Their sustained advocacy over many years has found its time and expression in the recession that followed the COVID-19 pandemic.

More

*please note that the names given to these estates were given by the planners who planned them, rather than the people who lived in them.

Homes Victoria Victoria’s Big Housing Build November 2020

Peter Mares Housing the Australian Nation – a series of podcasts on Earshot, Radio National (May – July 2020)

This map shows the location of the housing and the relationships

Affordable housing is a broad term describing housing suitable for the needs of a range of very low to moderate income households and priced (whether purchased or rented) so these households can meet their other essential living costs. (for further information, please refer to the definition in the Planning and Environment Act 1987.
Social housing

Social housing is an umbrella term that includes both public housing and community housing that involves some degree of subsidy.

12 Comments

  • Rod GIBLETT

    Hi Janet Very interesting history. Well done. The Garden City was the invention of Ebenezer Howard who wrote a book with that title. I did not know that someone from Australia had gone to look at Welwyn Gardens. What of the wetlands that were in the original Fisherman's Bend as discussed in chapter 3 of Modern Melbourne? I hope you are well. Regards Rod

    • JanetBolitho

      Thanks Rod. I was just wanting to follow one thread - the advocates and champions, and the innovations. Wetlands of course are such a huge topic they warrant more than passing attention.

  • Judith Buckrich

    thanks so much

  • Pat Grainger

    Thanks, Port Places, for a marvellous coverage of this extraordinary area. We are especially fortunate to have so uniquely varied an area of historical housing estates within Port Melbourne.

  • Cordelia Attenborough

    Hi Janet- this is a brilliant resource, thank you! I have been trying to find information about the Barak Rd estate for a while but i thought it was called the 'Sandridge Housing estate' because that is what is written in the plaque. You have saved me hours of dead end research- thank you.

  • Reg Roberts

    Can’t believe Housing Vic will destroy the historical Barak Estate & Howe reserve to build high rise units on the water without consultation with local ratepayers . Would have thought there was more than sufficient land at GMH site in Fisherman’s Bend.

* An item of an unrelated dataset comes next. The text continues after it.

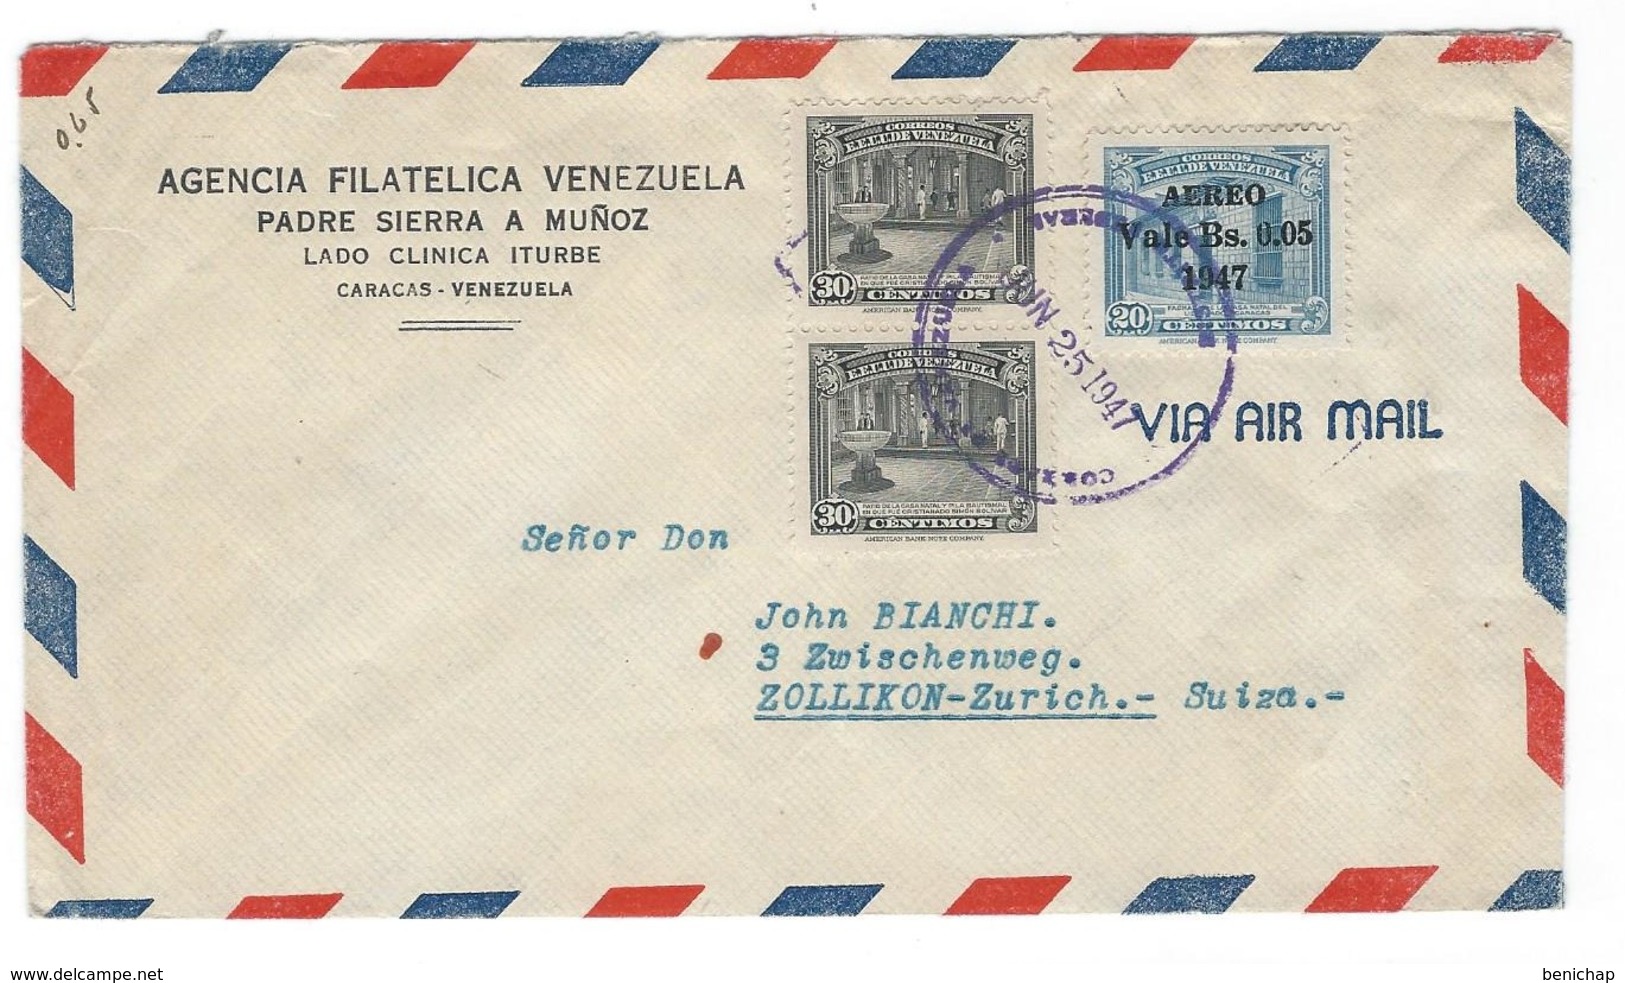 COVER CORREO AEREO VENEZUELA - CARACAS - ZOLLIKON - SUIZA.- AGENCIA FILATELICA  VENEZUELA -1947. - Venezuela

    • Hi Reg, housing is not part of the planning for the former GMH site. I believe consultation will take place this year.

      • Kerrie Byrne

        Consultation after the fact is not genuine consultation at all, is it Janet? In terms of replacing this comfortable unassuming estate with a version of high-rise, yes, it will be sprawling but high-density. To get an idea, check out pics of Victoria/Holland st redevelopments at Flemington and Bangs st Prahran: https://engage.vic.gov.au/holland-crt-and-victoria-st-flemington-housing#lg=111533&slide=1 https://www.vic.gov.au/bangs-street-prahran

        • Thanks Kerrie. Can't begin to imagine the impact on existing residents. To create more housing will require greater density, won't it?

          • Kerrie Byrne

            We need to be clear about the 'social housing' they'll rebuild. I asked the Department in the zoom - a minimum of 100 units. There are currently 89! So they're uprooting and traumatising 89 households for an uplift of 9 units! Even if they build a bit more than that, the majority of the estate will be build to rent or possibly for sale, depending on what the consortium decides and the level of interest from the public. But it's not intended to house many more from the Vic housing register, ie ppl in entrenched housing insecurity and disadvantage. In other words, this is a real estate goldmine - bay views anyone?